What this is
This article is aimed at the average person who wants to know more about evaluating their data. It is an examination of the theory behind statistics and guide to some of the most obvious pitfalls and problems.
It is intended to form an accessible introduction to data analysis for people who don’t come from an analytical background such as journalists, social media account managers, and new graduate students. Essentially this is the guide that I wish that I had when I was starting my PhD.
I will be presenting some walkthroughs on basic statistical techniques, but I’m also going to spend quite a lot more talking about them. If you are the kind of person that is currently consolidating all your data into two means on a single bar chart and feely vaguely guilty about it then this is the guide for you, and I will do my best to make you feel considerably more guilty by the end of all of all this.
What this isn’t
Statistics is a very complicated subject and this is not an exhaustive examination of it. I have worked quite a bit with stats and I have worked hard to check this article and point out the inevitable over simplifications as I make them, however my background is in science, I am not a statistician or a mathematician.

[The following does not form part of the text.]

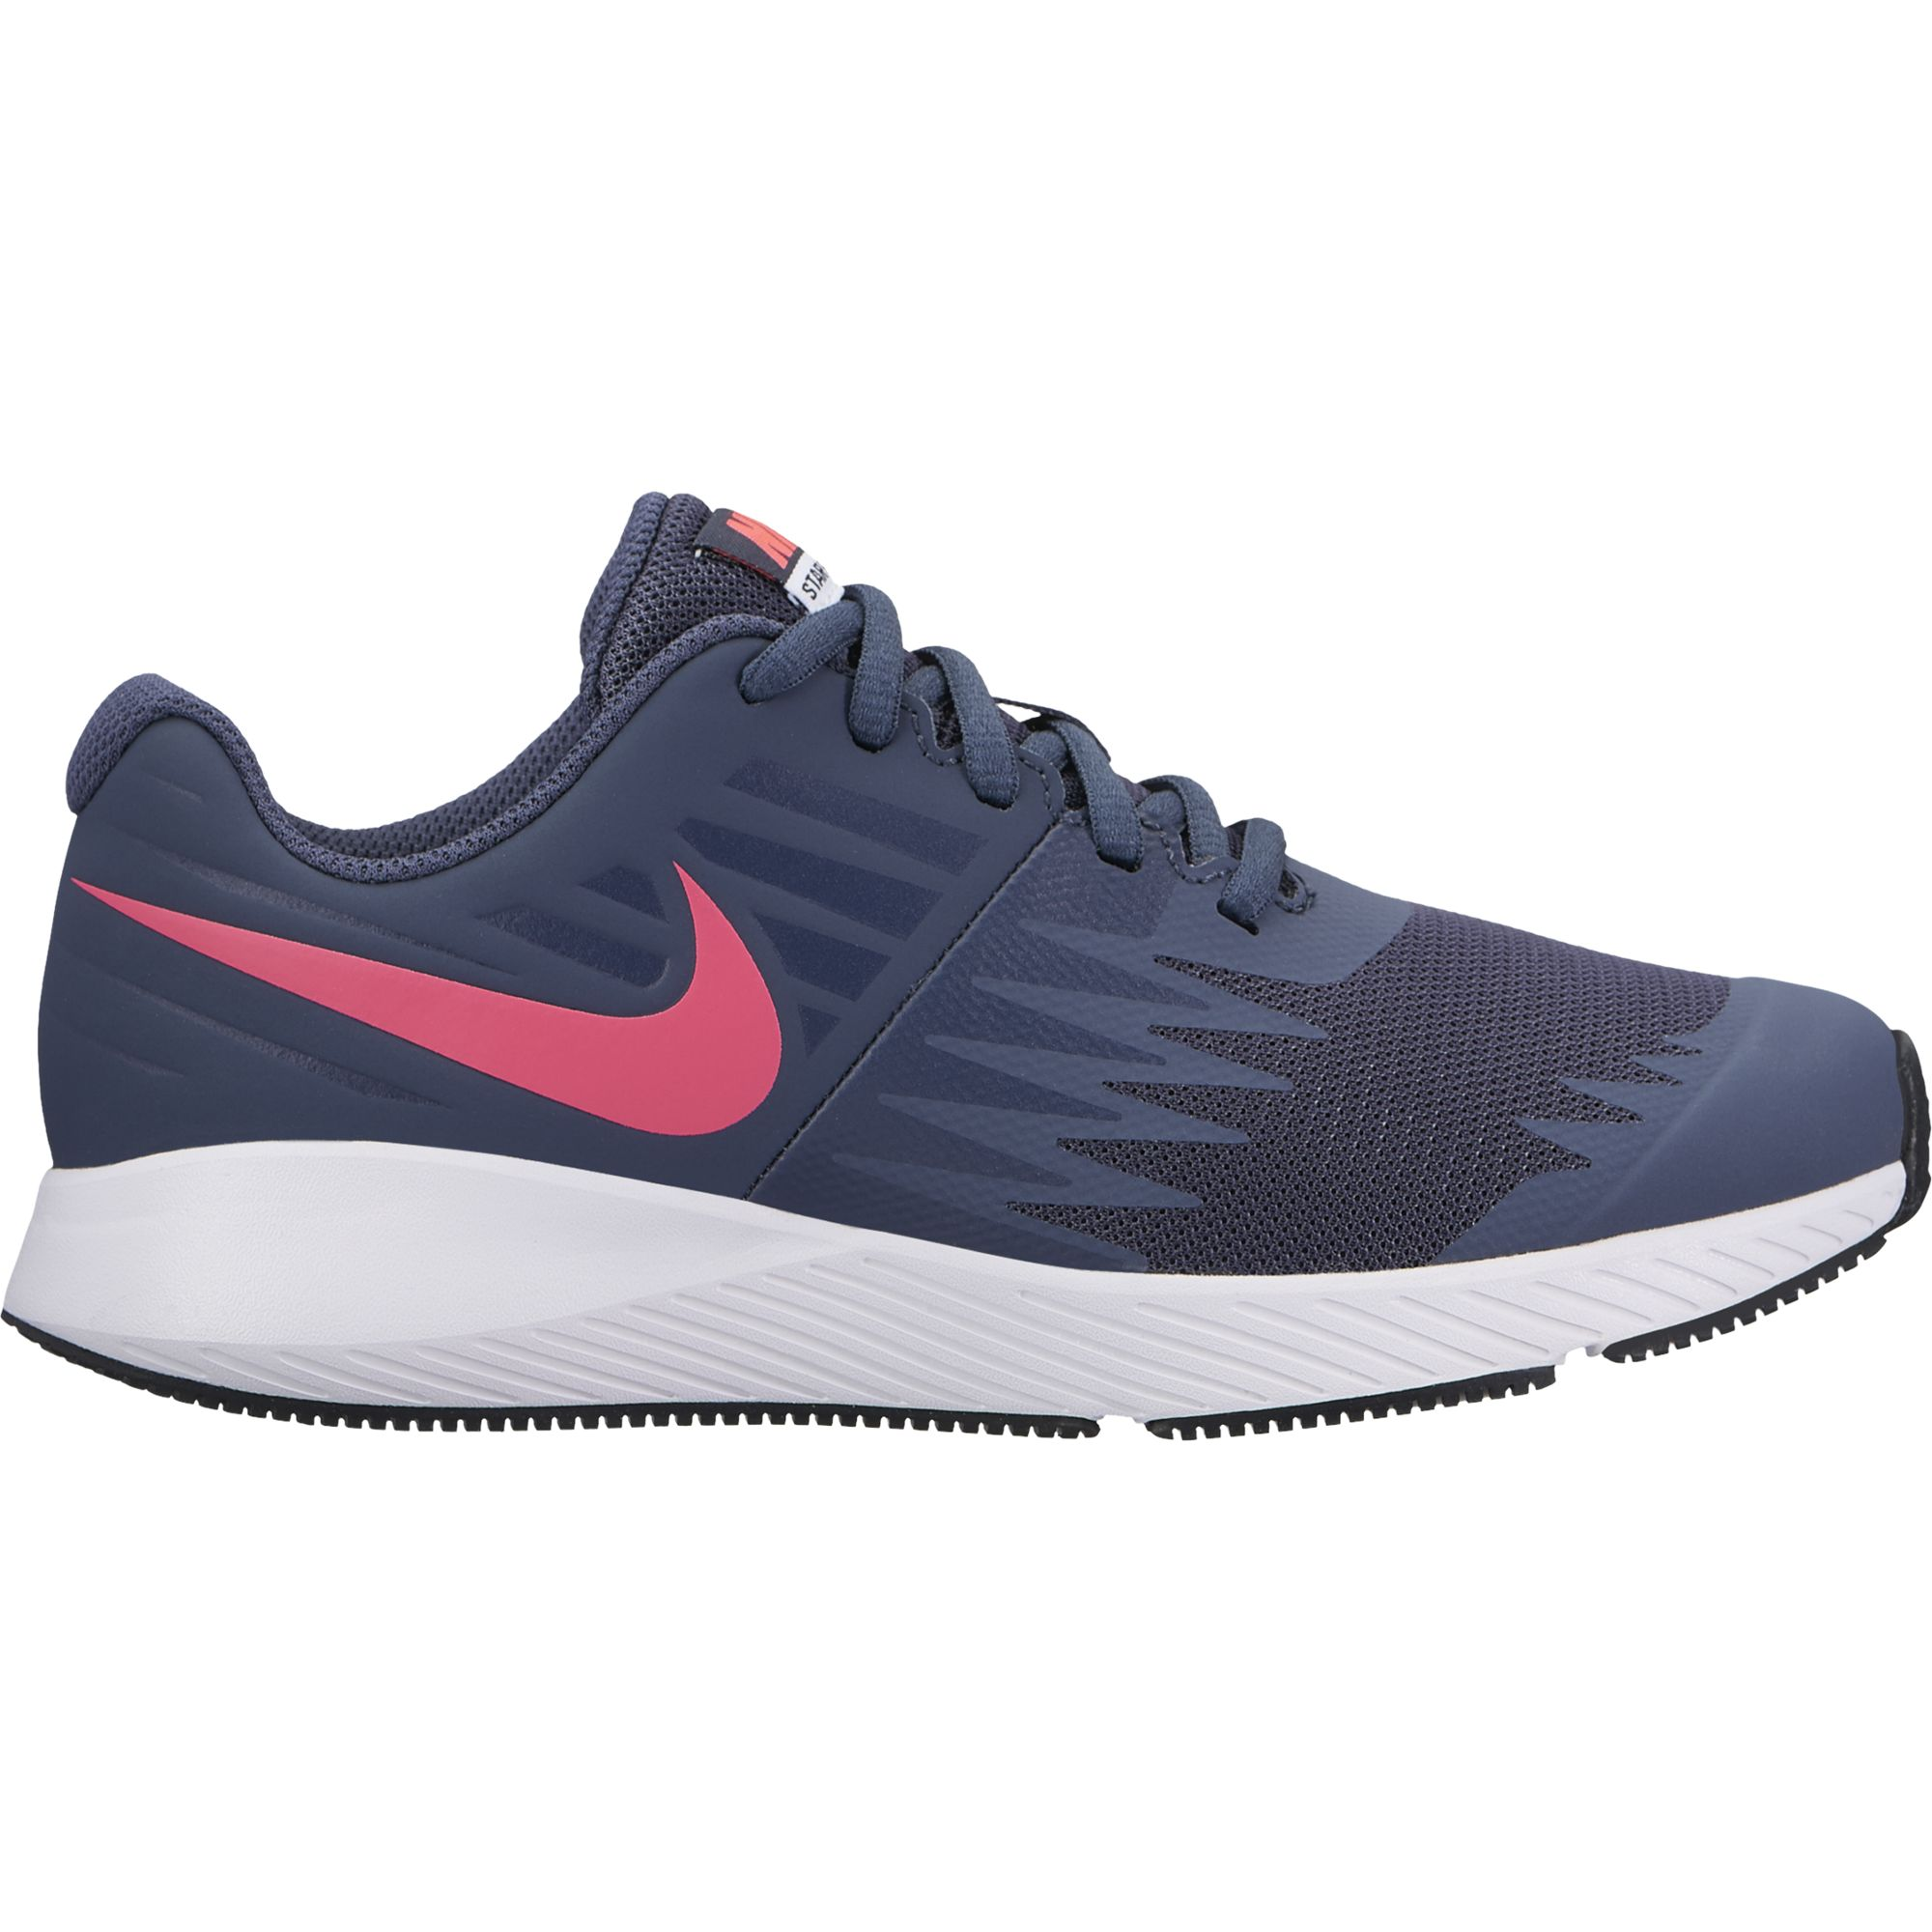 e9d3a8535c58c Girl s Nike Star Runner (GS) Running Shoe - Sieverts Sporting Goods

Obviously the standard disclaimer applies, if you are need to do something absolutely critical with data, you probably shouldn’t be relying solely on random blog articles. I’ll pause now so you can contemplate the wisdom of this, possibly make a mental note to double check anything you learn at some vaguely undefined point in the future, and then proceed as normal, because, after all, we all seem to learn everything from random blog articles these days.
And I should read this because?
A reasonable question to ask at this point then, probably involves why exactly you should read this guide. Why you shouldn’t look for something written by some distinguished statistician who is most certainly not going to make any mistakes, or at least none that won’t later form the subject of someone else’s thesis.
This is going to come down to what may seem to be a bewildering admission. I do not like stats.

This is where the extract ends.